An easy social media scheduling app to keep on top of sharing news about your network is to queue up LinkedIn updates in Buffer. I use it regularly when ideas come my way.

#4    Consistently Connect On More Than One Network 

It is 2017, not 2009, and most switched-on professionals who have something to say or do interesting things promote their skills and experience on more than one platform. If you’ve connected on LinkedIn, check if you can also follow him/her on Twitter, Google+, Facebook, Instagram, Github, ….you name it. Work out where people in your tribe mingle, what platforms and social networks they use and then consider connecting.  But, a word of caution – don’t stalk them.

There is more to all of us than our resume. The same goes for your LinkedIn connections. By locating them, listening, and responding, you can often get a better insight into their personalities and interests. I use LinkedIn to observe industry trends and pressures, Facebook for my private social life, and Twitter as a search tool for hot topics.

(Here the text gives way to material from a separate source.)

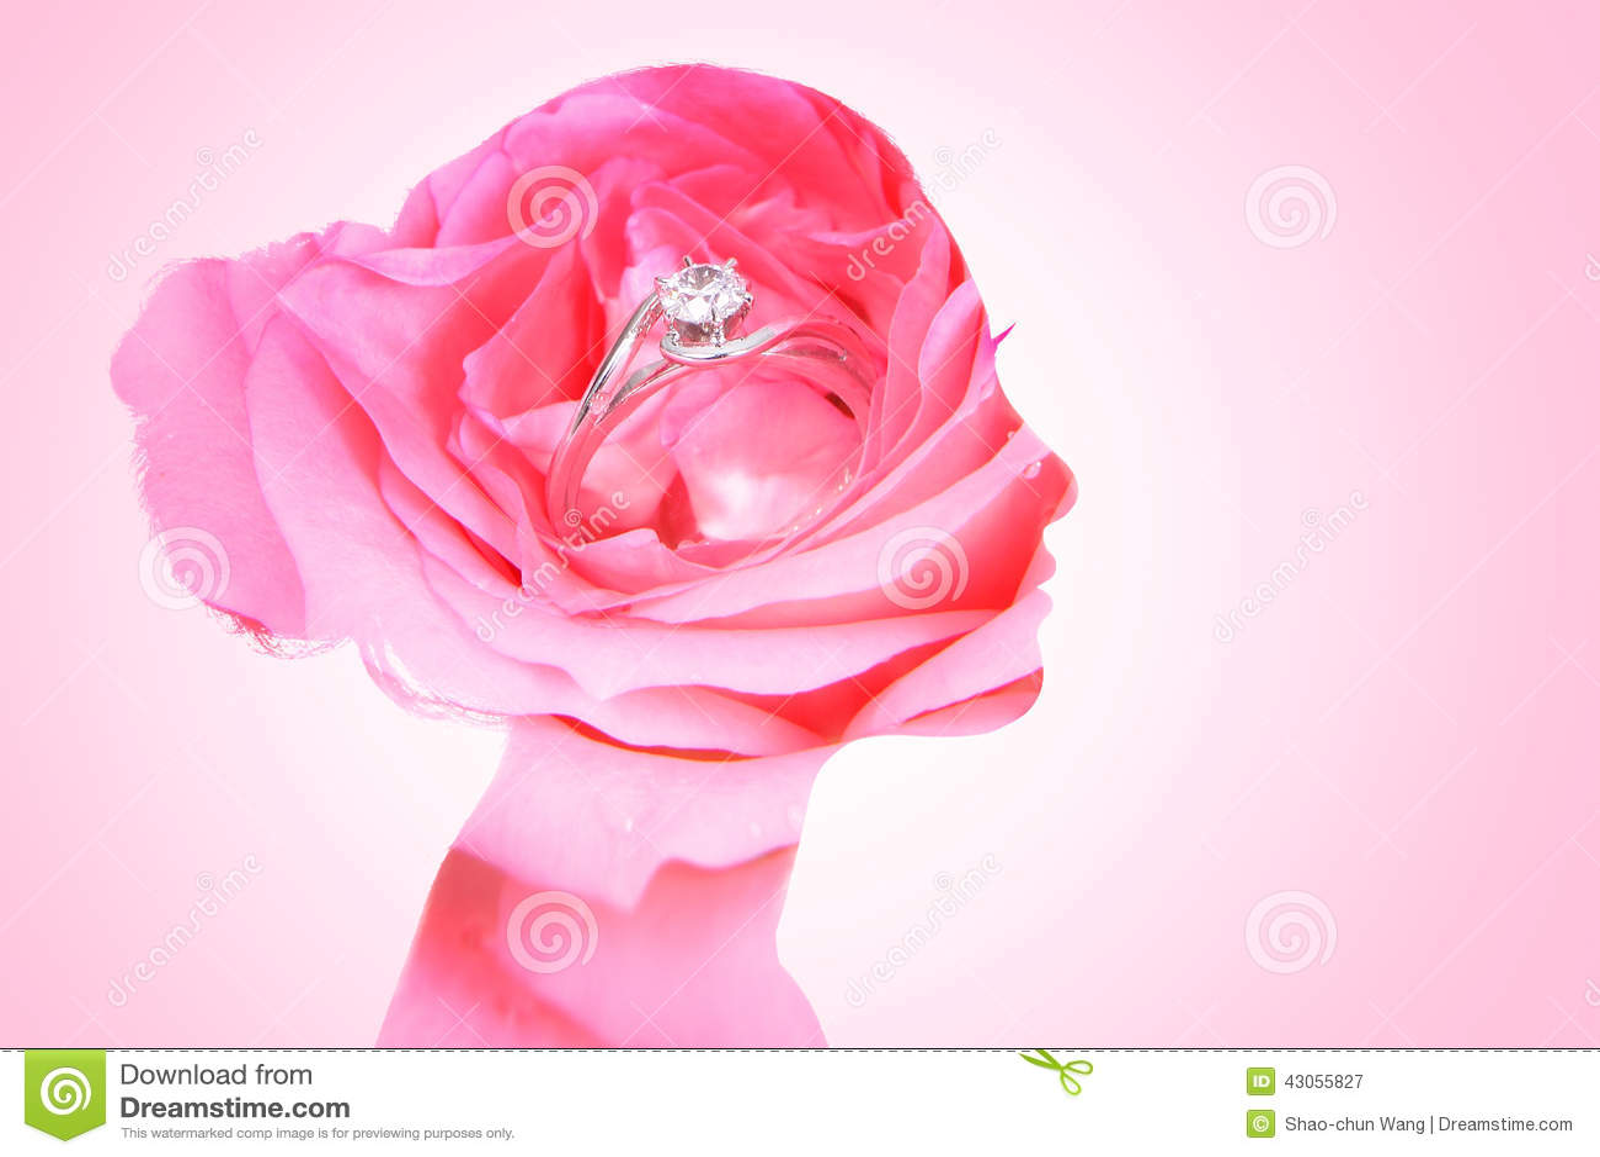 Double Exposure Of Beauty Bride Stock Image - Image of bouquet ...
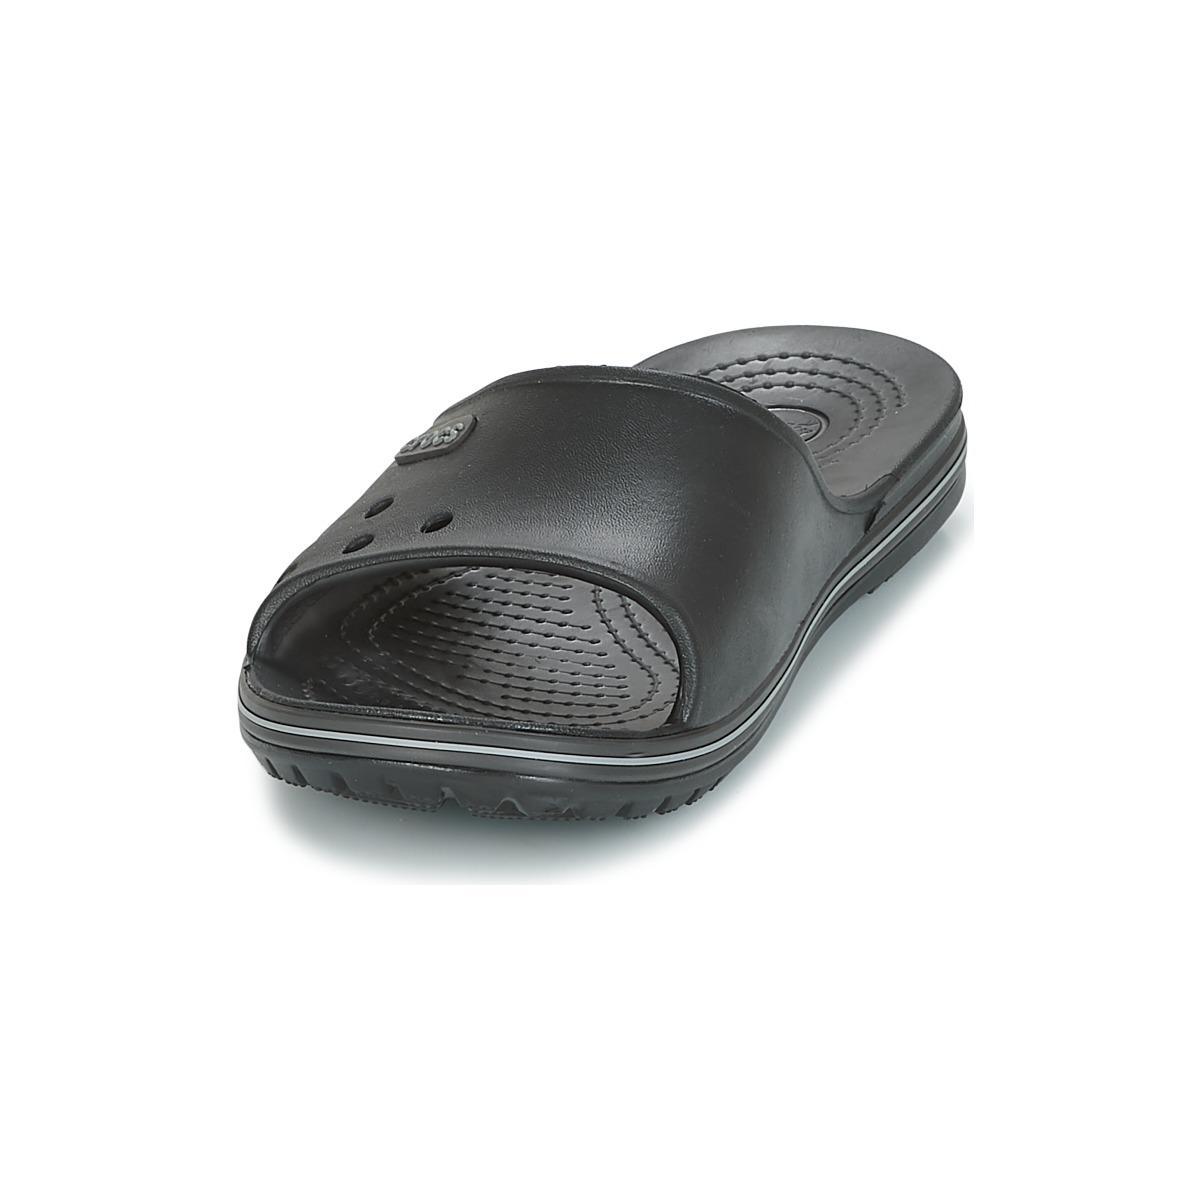 419306c18b65 Crocs™ - Crocband Ii Slide Men s Sandals In Black for Men - Lyst. View  fullscreen

#5  Track – Follow Back – Foster  

It’s pretty simple. When people respond to your activity in posts or updates, or when they engage with you in conversation in groups, they are interested in you. They have become fans.

Keep track, follow back and foster the relationship to enable great things to happen in due course.

Here is how:

Write a response.  Invite new people to connect, and ask questions about their experiences or challenges or how you can contribute with insight, skill or experience to something that matters to them. See Point 1. This is how you generate genuine networking opportunities and also potential genuine job leads.

You can connect with LinkedIn users all over the world, but what does it all mean? How can you cut through the clutter and generate leads?

The answer is simply. Focus on qualityMake and keep it personal at all times.  Leverage your knowledgeTrack, follow & foster your relationships and focus on genuine human interaction. And, as always, remember to hunt wisely!